Exercise brief: In the listing below, locate the line containing "Marilyn Manson, cantante" and copy it and every line after it through the end, exactly as written, leaving out any pictures.

Material provided:

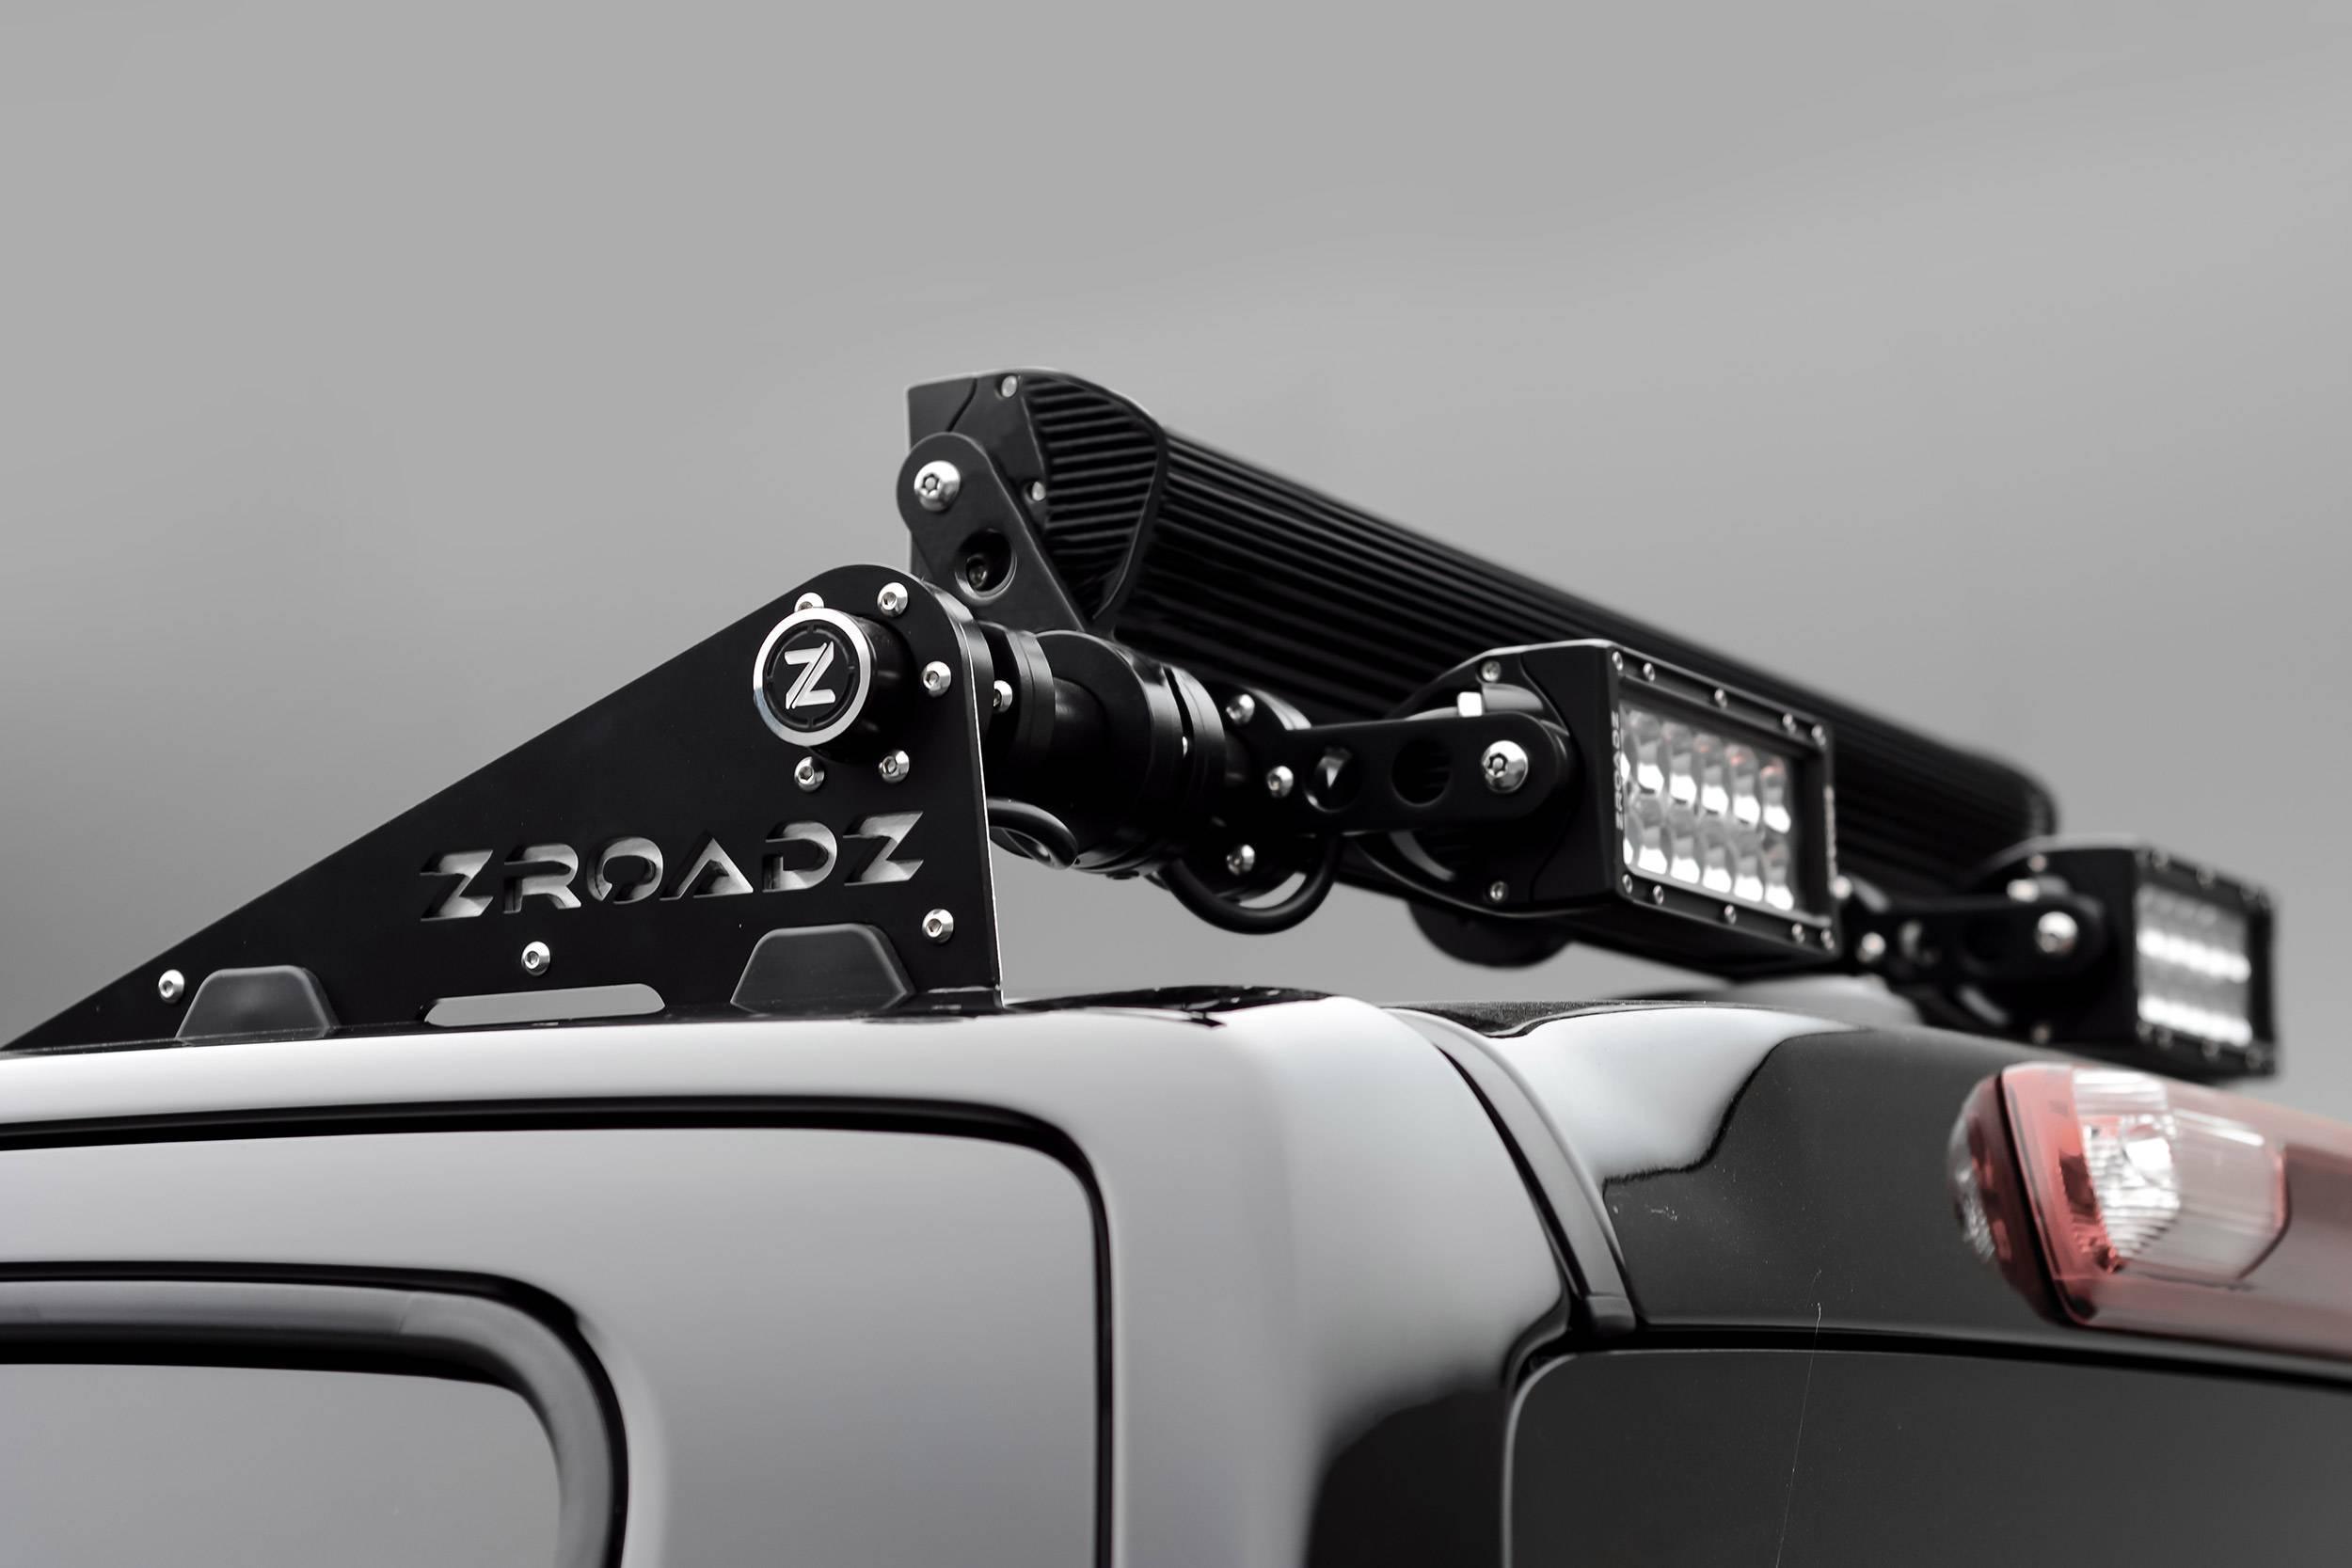 ZROADZ - Universal Modular Rack LED Bracket adjustable to mount up to (4) various size LED Light Bars - PN #Z350040
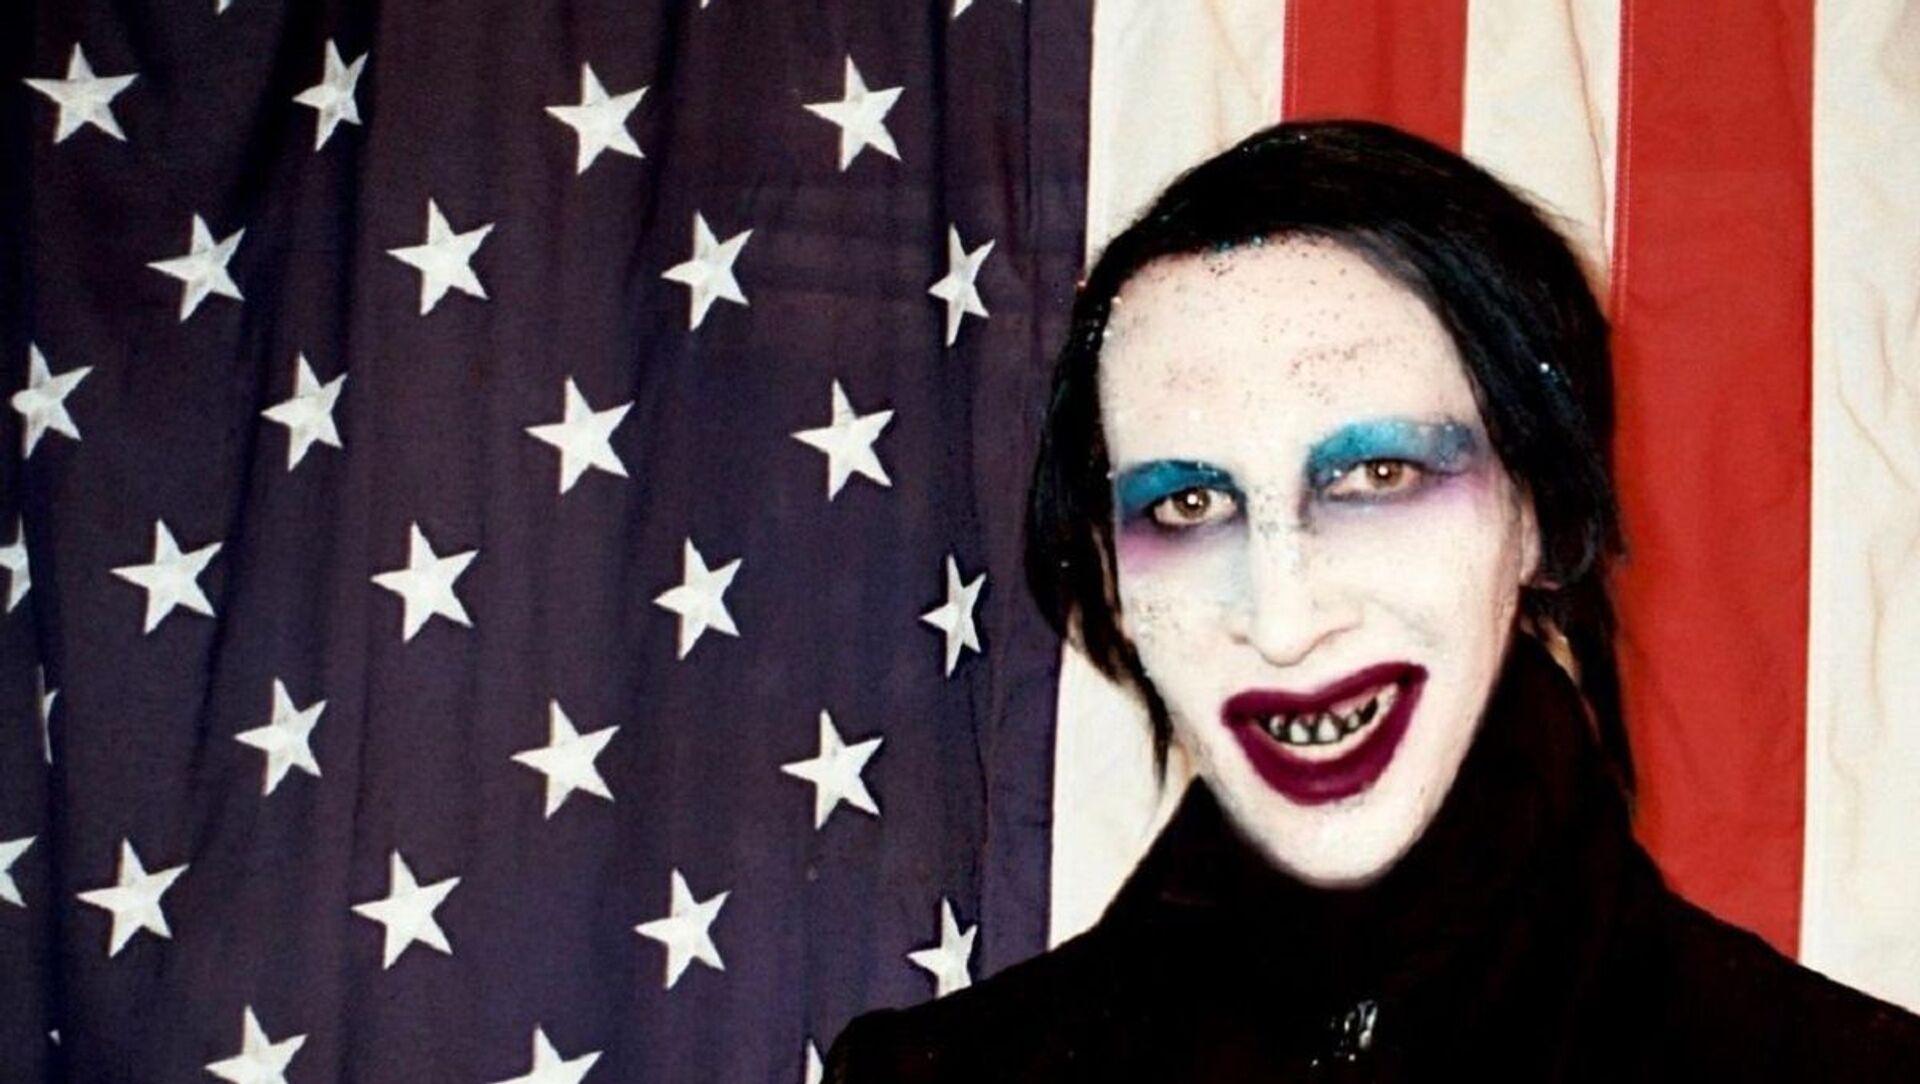 Marilyn Manson, cantante estadounidense - Sputnik Mundo, 1920, 06.02.2021
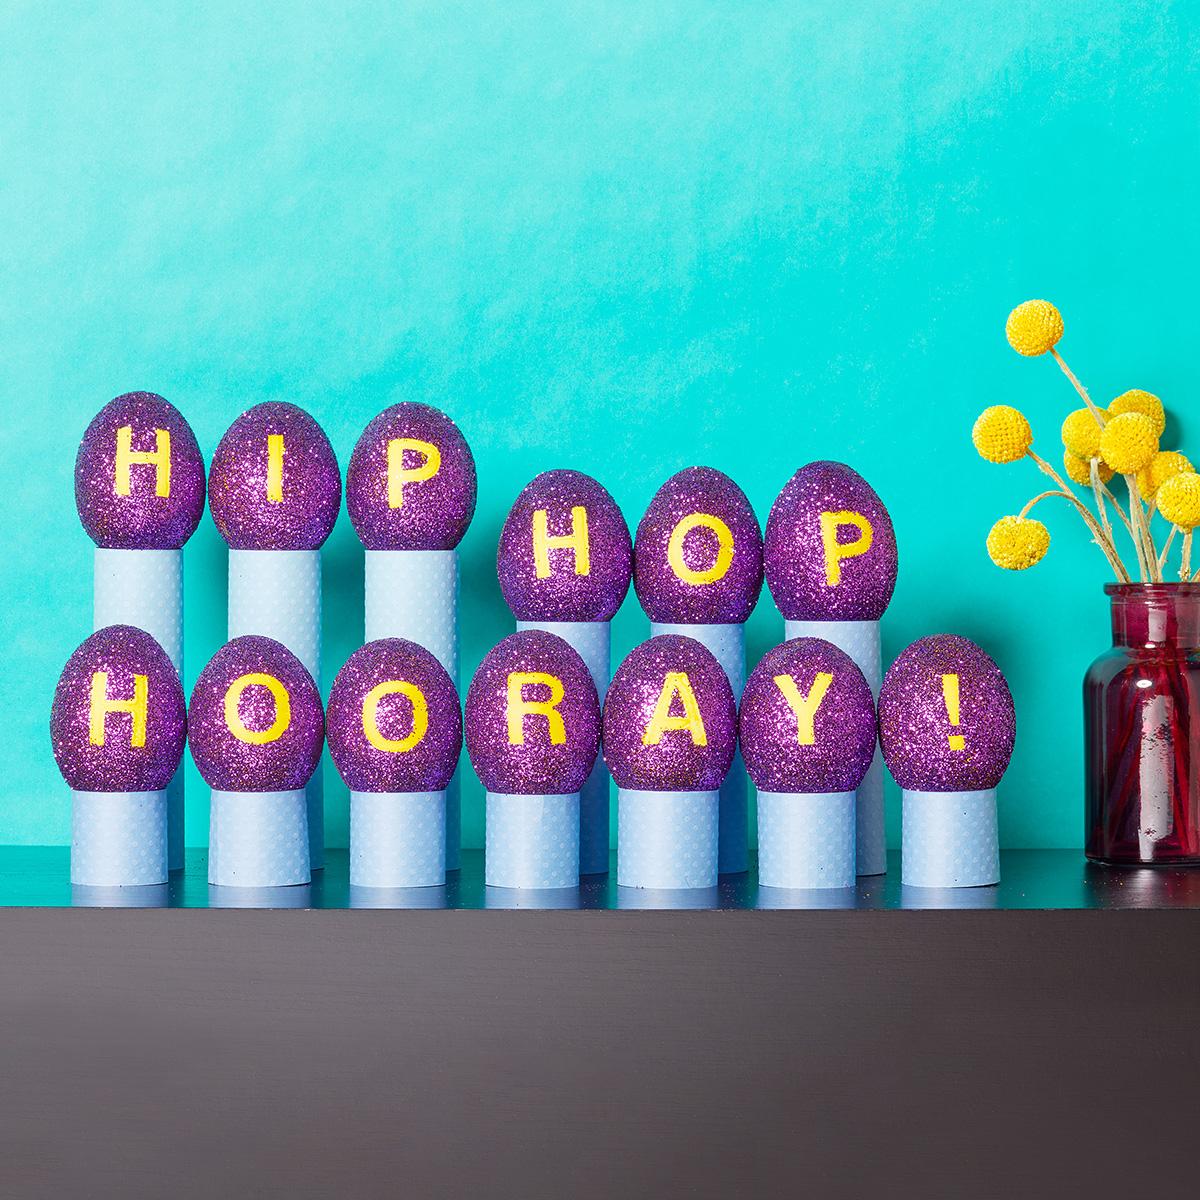 purple glitter easter eggs hip hop hooray

Completed exercise:
 Marilyn Manson, cantante estadounidense - Sputnik Mundo, 1920, 06.02.2021
 purple glitter easter eggs hip hop hooray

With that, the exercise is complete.